La Méridionale is a French shipping company. The company's three vessels serve the Corsican ports of Bastia, Ajaccio and Propriano, and Porto Torres in Sardinia. The fleet is exclusively composed of mixed vessels (freight and passengers). It is part of the STEF group and, together with the former SNCM, provides passage to Corsica.

History 
La Méridionale is the result of the "Compagnie méridionale de navigation", the oldest shipping company serving Corsica; it celebrated its 80th anniversary in 2011.

1931 - 2011 
"La Compagnie méridionale de navigation" was born from the marriage of Mr. Giannoni's daughters and the Rastit brothers in 1931. This association created the company's links with Corsica.

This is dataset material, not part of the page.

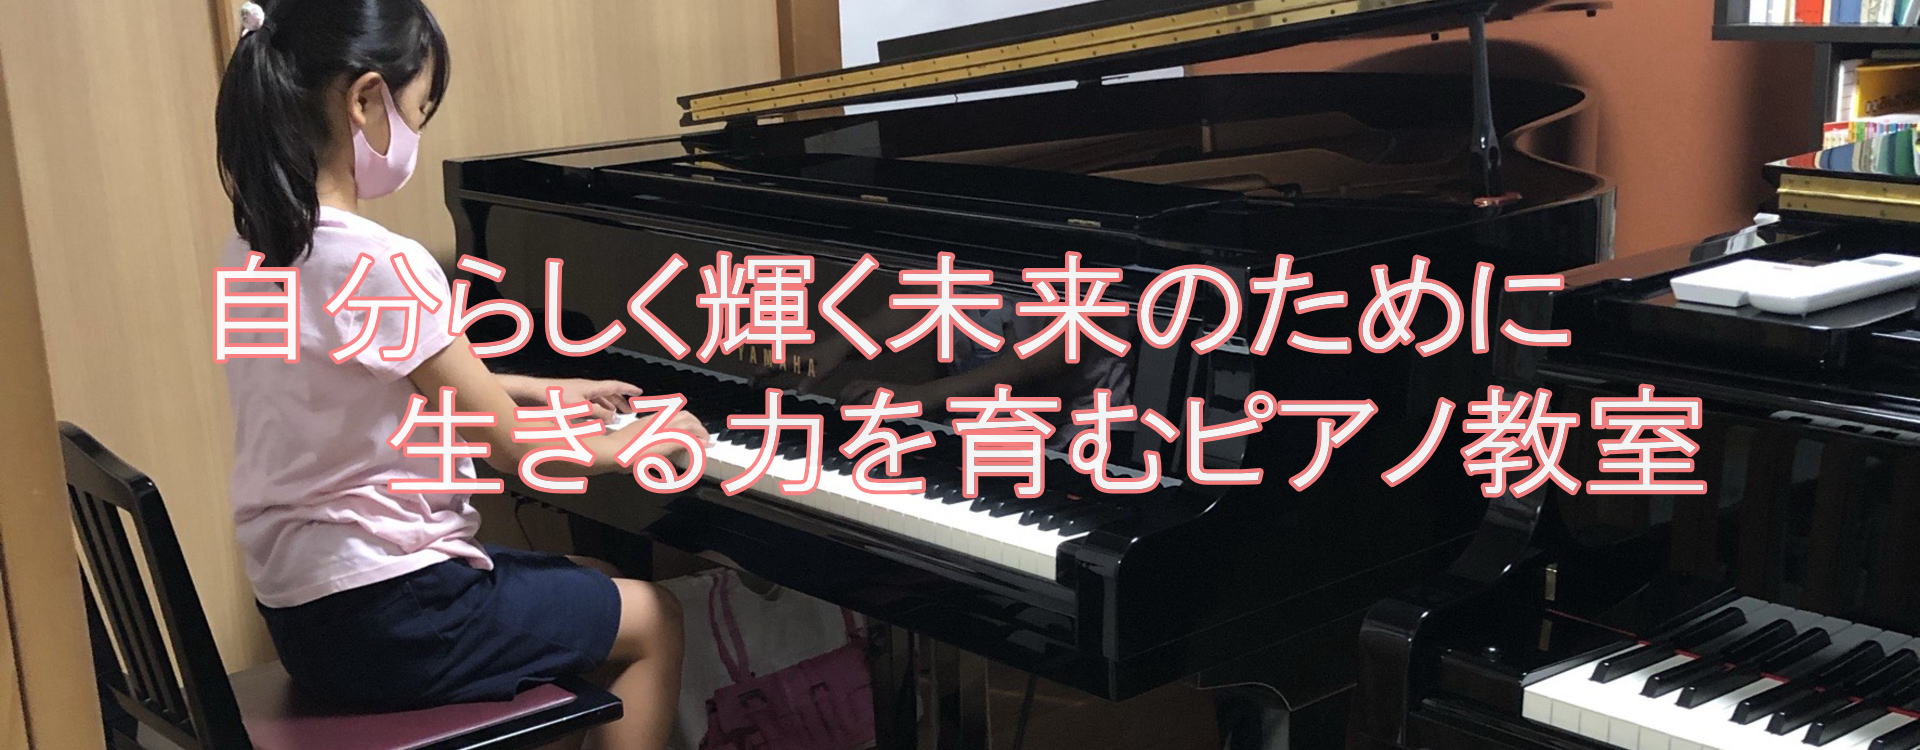 びおんピアノ音楽教室

At first, the company transported petroleum products and general cargo. In 1970 it adopted the Roll-on/roll-off style and strengthened the Corsica-Continent links.

At the beginning of 1990, La Méridionale was the leading French shipping company in the Mediterranean and France's second largest operator of passenger ships at the national level.

In 1992, the company joined the STEF-TFE group and the following year outfitted the Kalliste. It obtained both ISM and ISO 9002 certifications.
In November 2001, it renewed its public service concession with SNCM between Marseille and Corsica.

2011- 
In 2011, following the arrival of the ship Piana, existing ships Girolata, Kalliste and Scandola were repainted and "La Compagnie méridionale de navigation" (known as CMN) changed its logo to La Méridionale.

At the end of 2016, the Girolata was repainted and work was carried out to install a ballast water treatment system. The same modifications were made to the Kalliste in 2017.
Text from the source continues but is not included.